NAT and nNAT constellations have distinct properties
Having established the organization of NAT and nNAT constellations, we analyzed the properties of their derived RNAs. CAGE-RRP40/ctrl signal ratios demonstrated that while NATs were largely exosome insensitive (Fig. 5a, left half of left panel and Fig. 5b), nNATs were highly exosome sensitive (Fig. 5a, left half of right panel and Fig. 5b). Similar results were derived from CAGE-MTR4/ctrl (Supplementary Fig. 4a) and RNA-seq-RRP40/ctrl ratios (Supplementary Fig. 4b). TIF-seq-RRP40+ZCCHC8 data demonstrated that the lengths of NATs and canonical mRNAs were comparable (Fig. 5c, left violin plot and top mid heat map), consistent with NATs being defined to overlap mRNA TSSs.

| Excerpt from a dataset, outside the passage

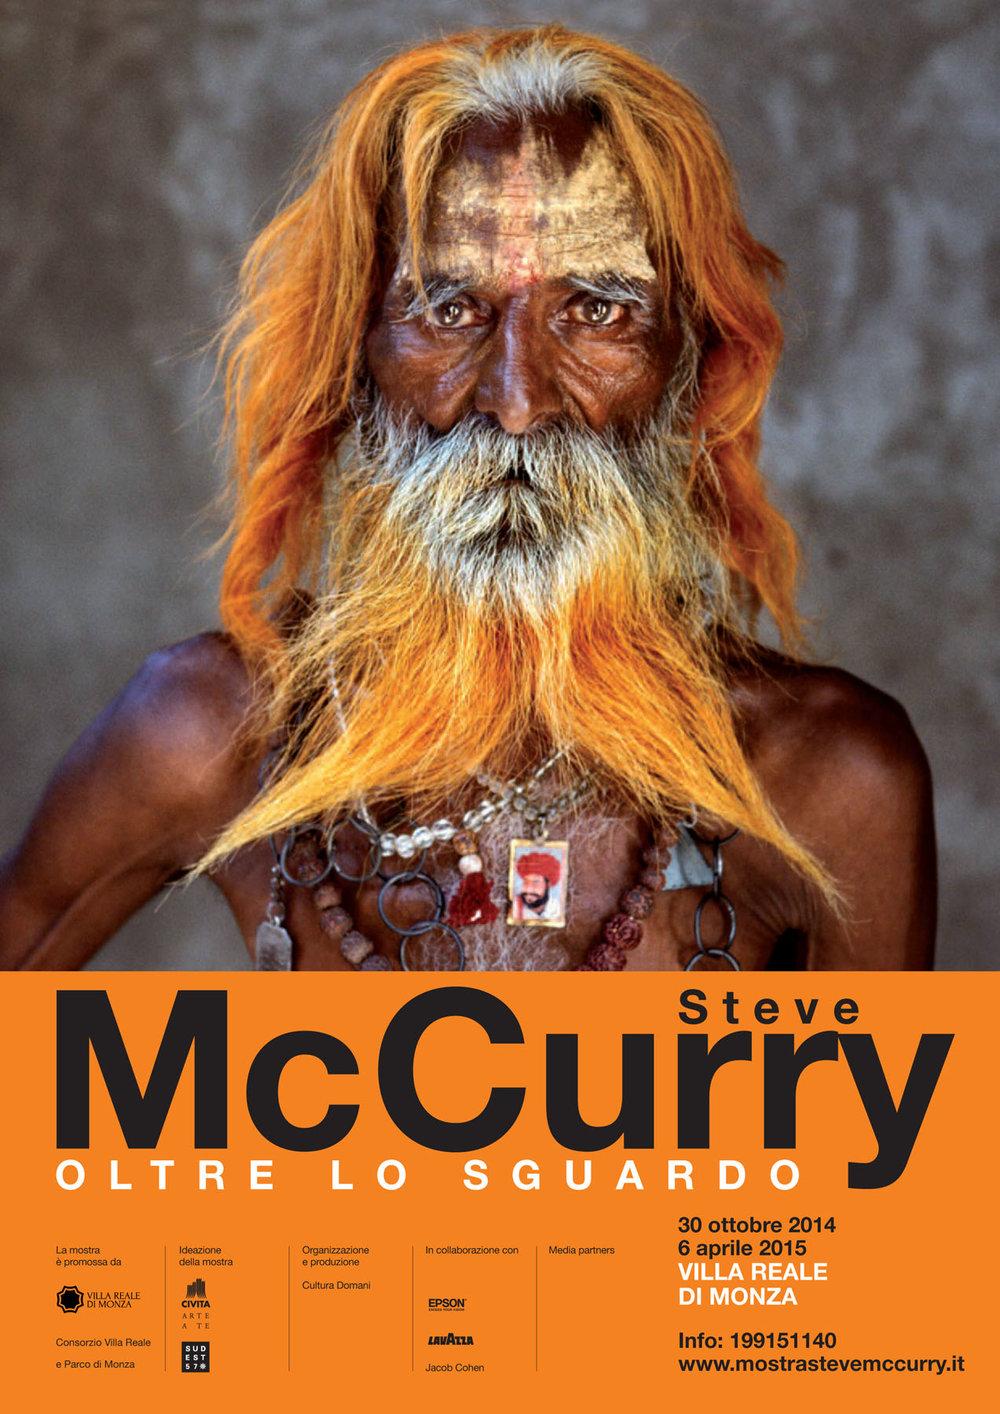 McCurry_OltreloSguardo_Monza.jpg

Thus, NATs were typically transcribed across the host mRNA PROMPT territory (defined here as the 3kb region upstream of the host-mRNA TSS) and, based on TIF-seq-RRP40+ZCCHC8 data, shared 3′ends with the mRNA that initiated at the respective NAT TSS in 67.8% of the cases (Fig. 5c, top mid heat map and top right bar plot). Conversely, the exosome sensitive nNATs had on average similar lengths as conventional PROMPTs (Fig. 5c, left violin plot and bottom mid heat map). Hence, the location of nNAT 3′ends was highly correlated to the distance between the nNAT and host mRNA TSSs; i.e. proximally positioned nNATs transcribed across the host mRNA TSS into the host mRNA PROMPT territory whereas more distally positioned nNATs terminated before reaching the mRNA TSSs (Fig. 5c, bottom mid heat map and bottom right bar plot).

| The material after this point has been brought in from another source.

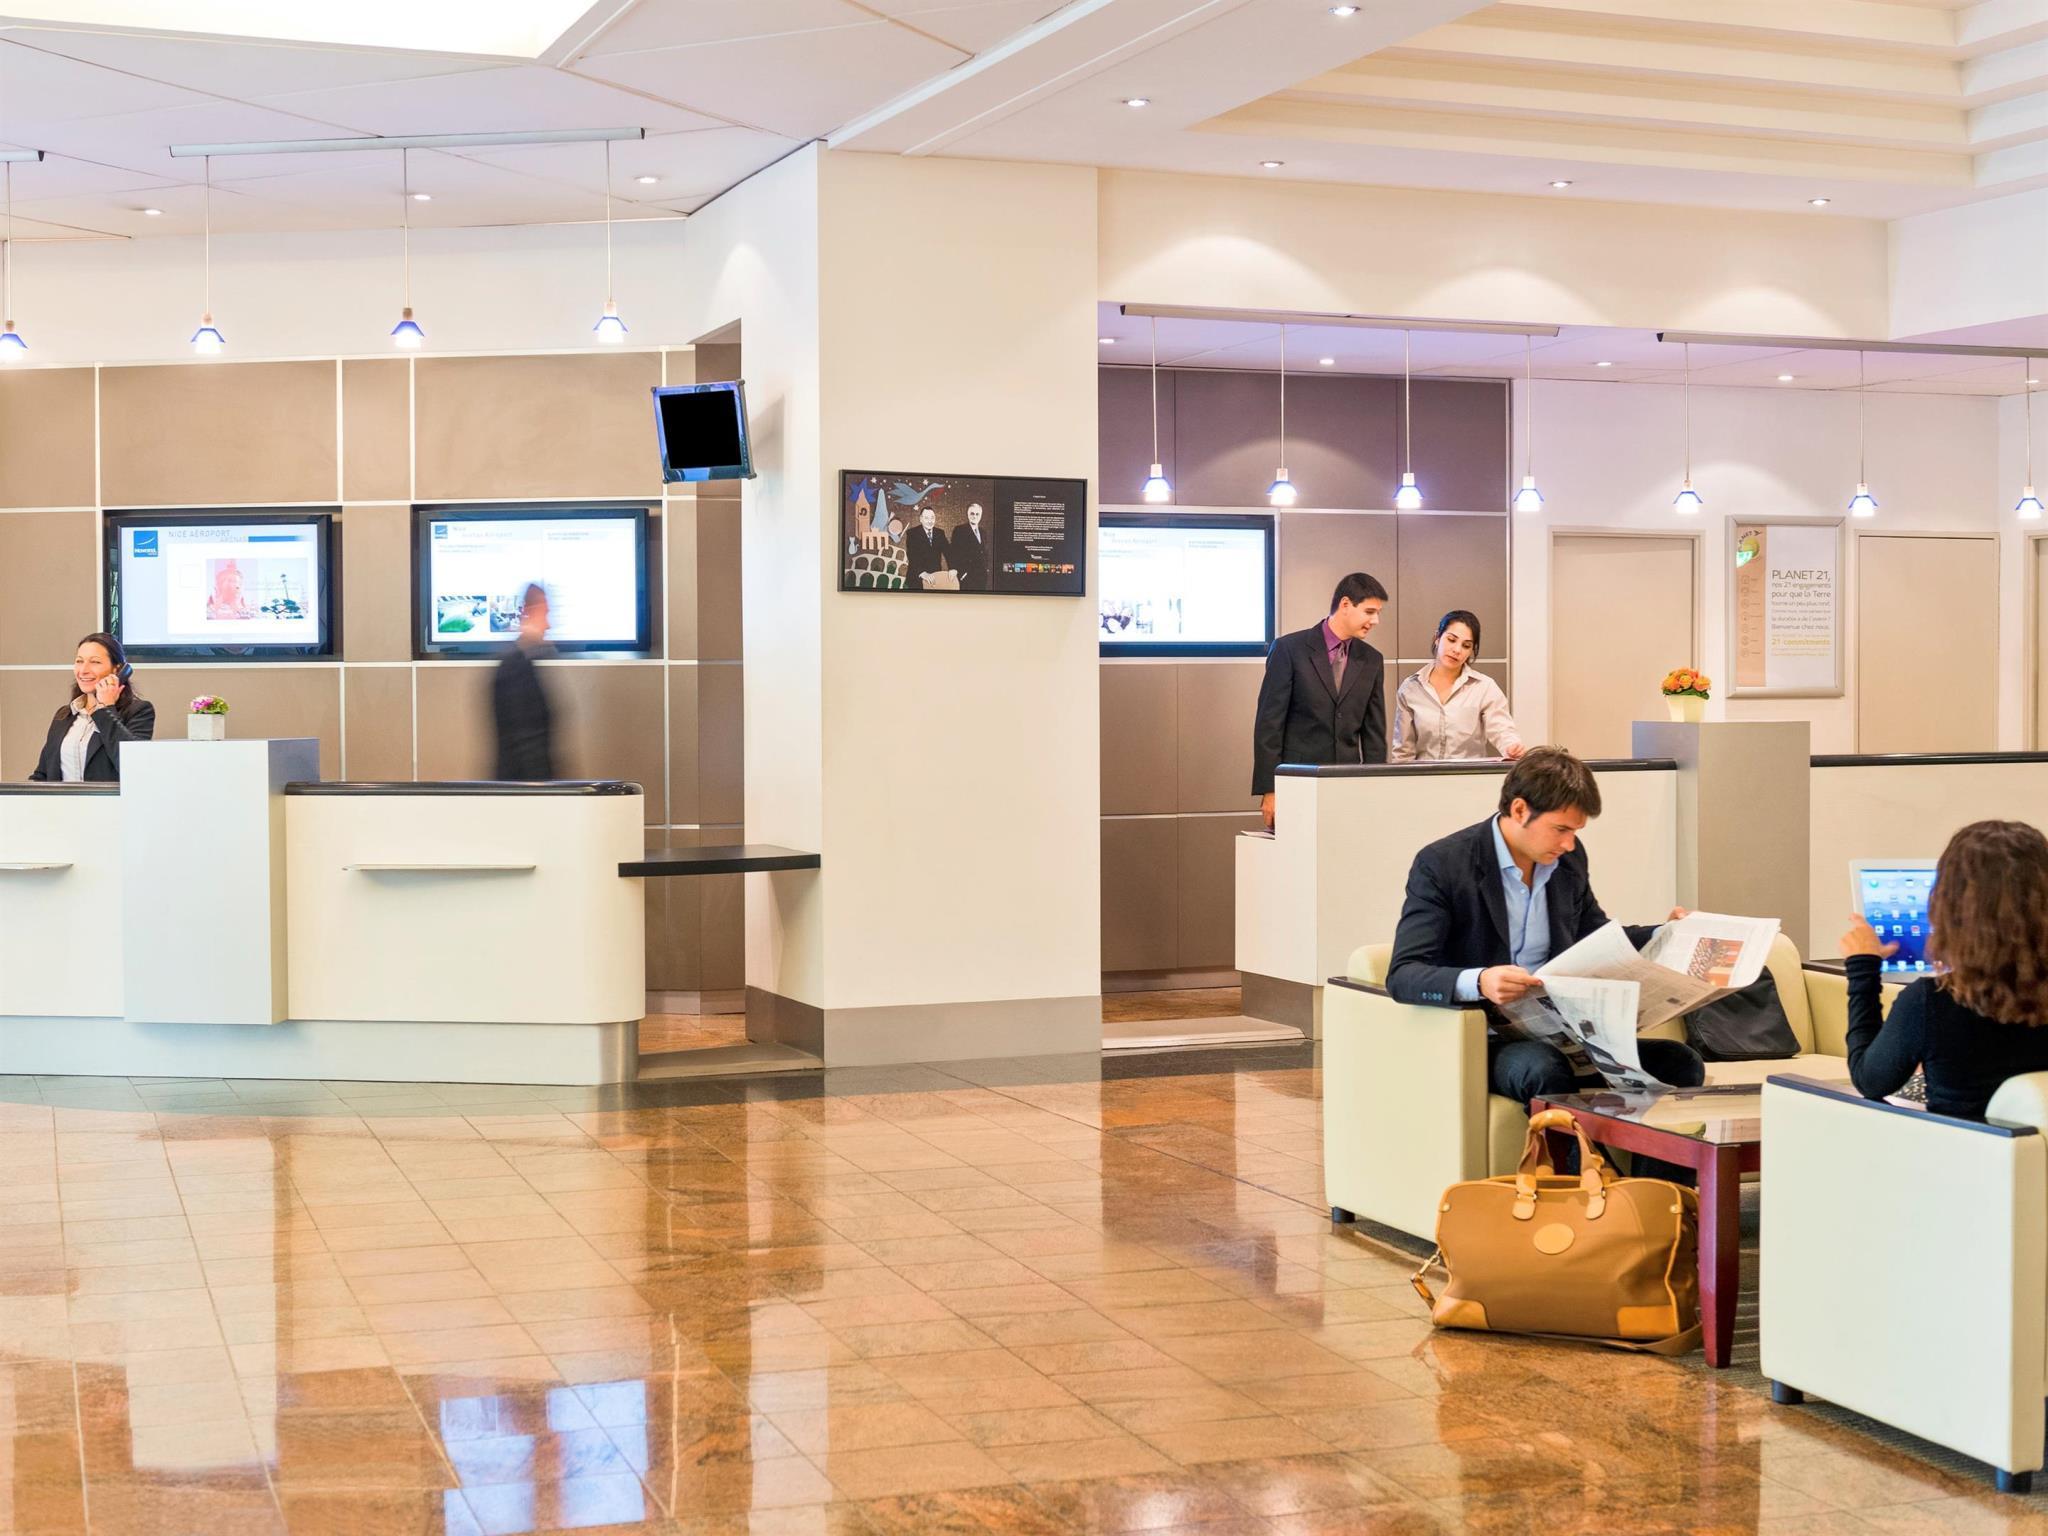 Novotel Nice Arenas Airport Hotel

Figure 5. Properties of NATs and nNATs.
a: Heat maps of NAT (left) and nNAT (right) constellations as in Fig. 4b, but split up by reverse and forward (left and right half-panels, respectively) strands and showing log2 CAGE-RRP40/-ctrl ratios. Schematics on top show transcript configurations within constellations; yellow dashed lines indicate NAT/nNAT host mRNA and NAT/nNAT TSSs.
b: Average log2 CAGE-RRP40/-ctrl ratios of transcripts from NAT and nNAT constellations shown as bar plots, split up by transcript type. Error bars indicate 95% confidence intervals of means.

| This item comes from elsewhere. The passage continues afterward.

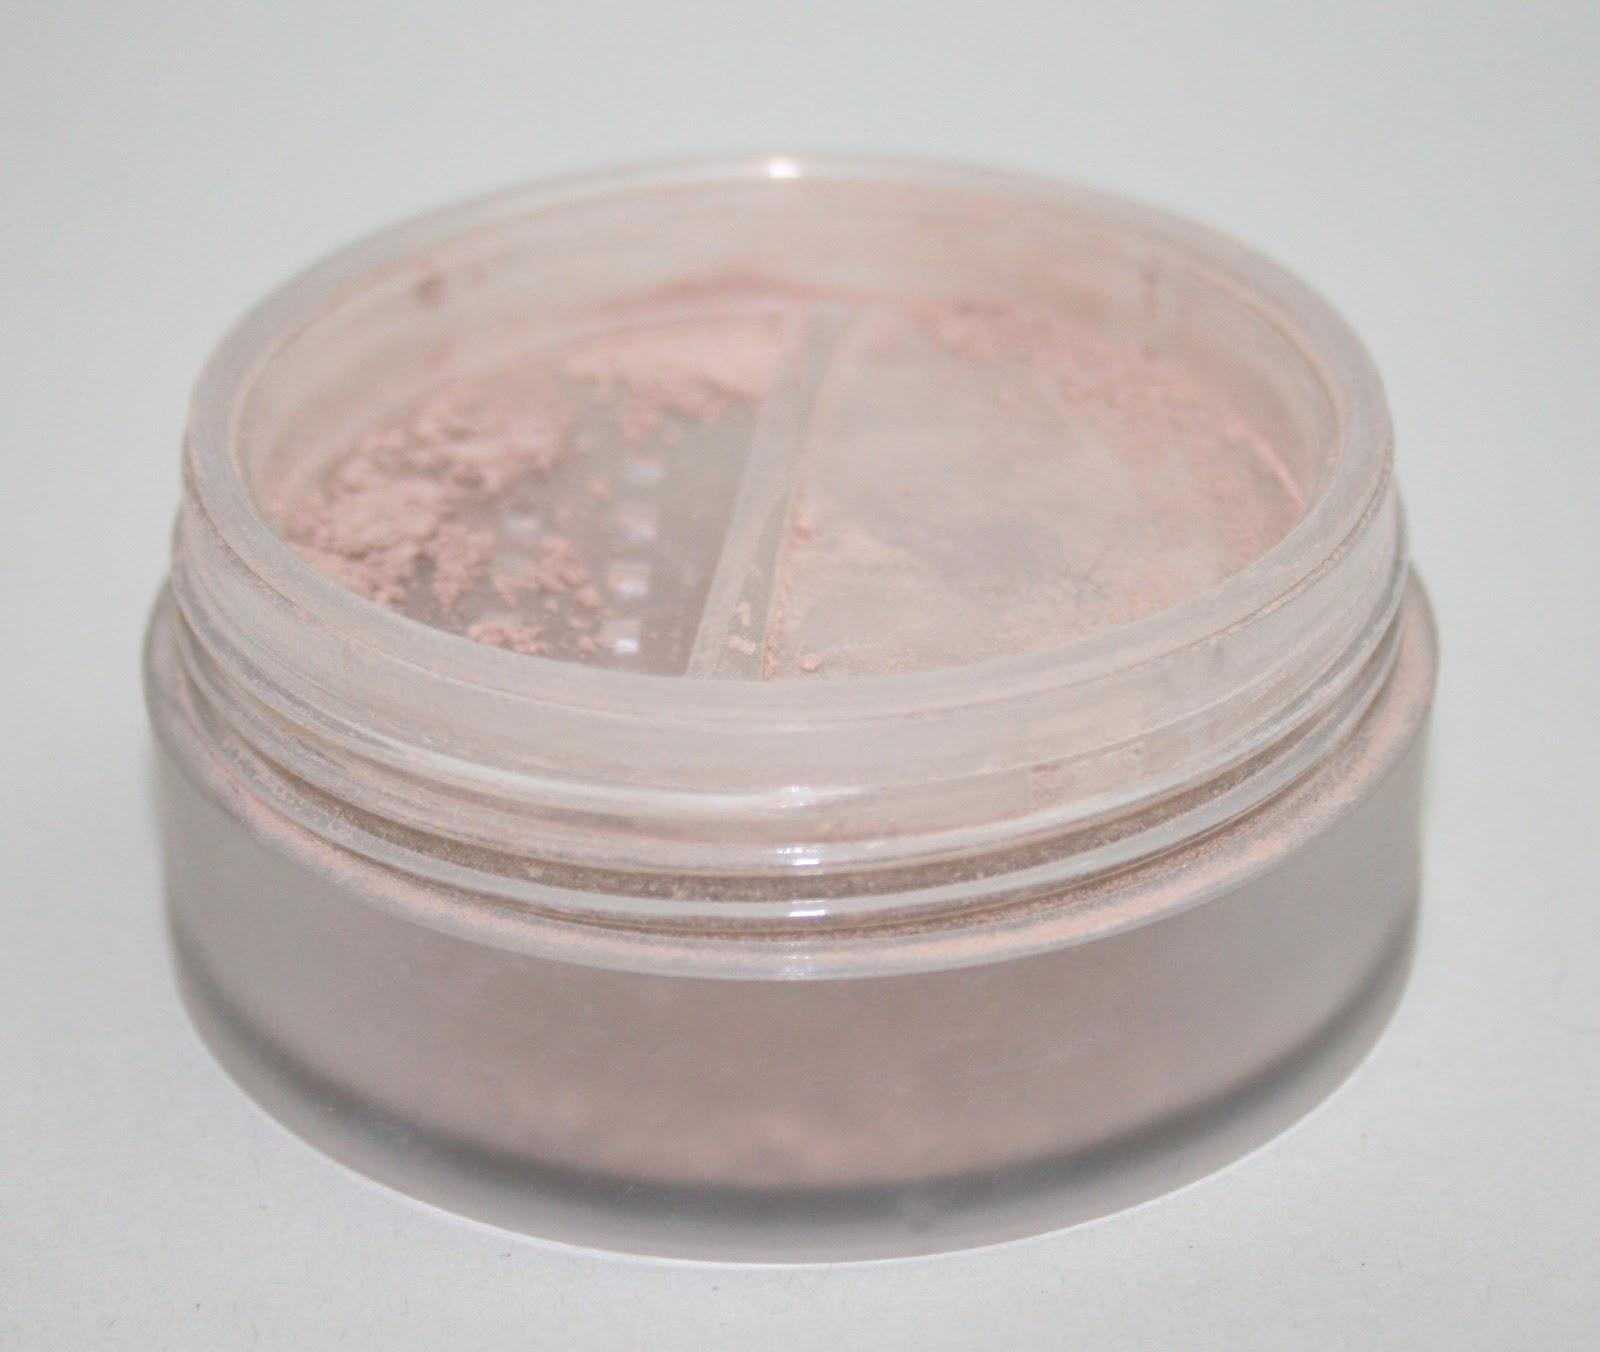 Laura Mercier Candleglow Powder Swatches: Laura Mercier Mineral Powder SPF15 In Natural Beige And

c: Length and termini distributions of NATs and nNATs. Left panel: Distributions of log10 RNA lengths inferred by TIF-seq-RRP40+ZCCHC8 data, split by transcript type as in (b). Mid panels: Heat maps of TIF-seq-RRP40+ZCCHC8-derived reads initiating at NAT (top) or nNAT (bottom) TSSs, organized as in (a). Right panels: Bar plots showing the number of TIF-seq-RRP40+ZCCHC8 derived 3′ends appearing before the host mRNA TSS (black), within the host mRNA PROMPT territory (blue) or further upstream (pink), defined as in the bottom schematics. Bar plots are split by TSS-TSS distances as indicated. Grey/white areas indicate the regions in the heat maps that are analyzed in the bar plots.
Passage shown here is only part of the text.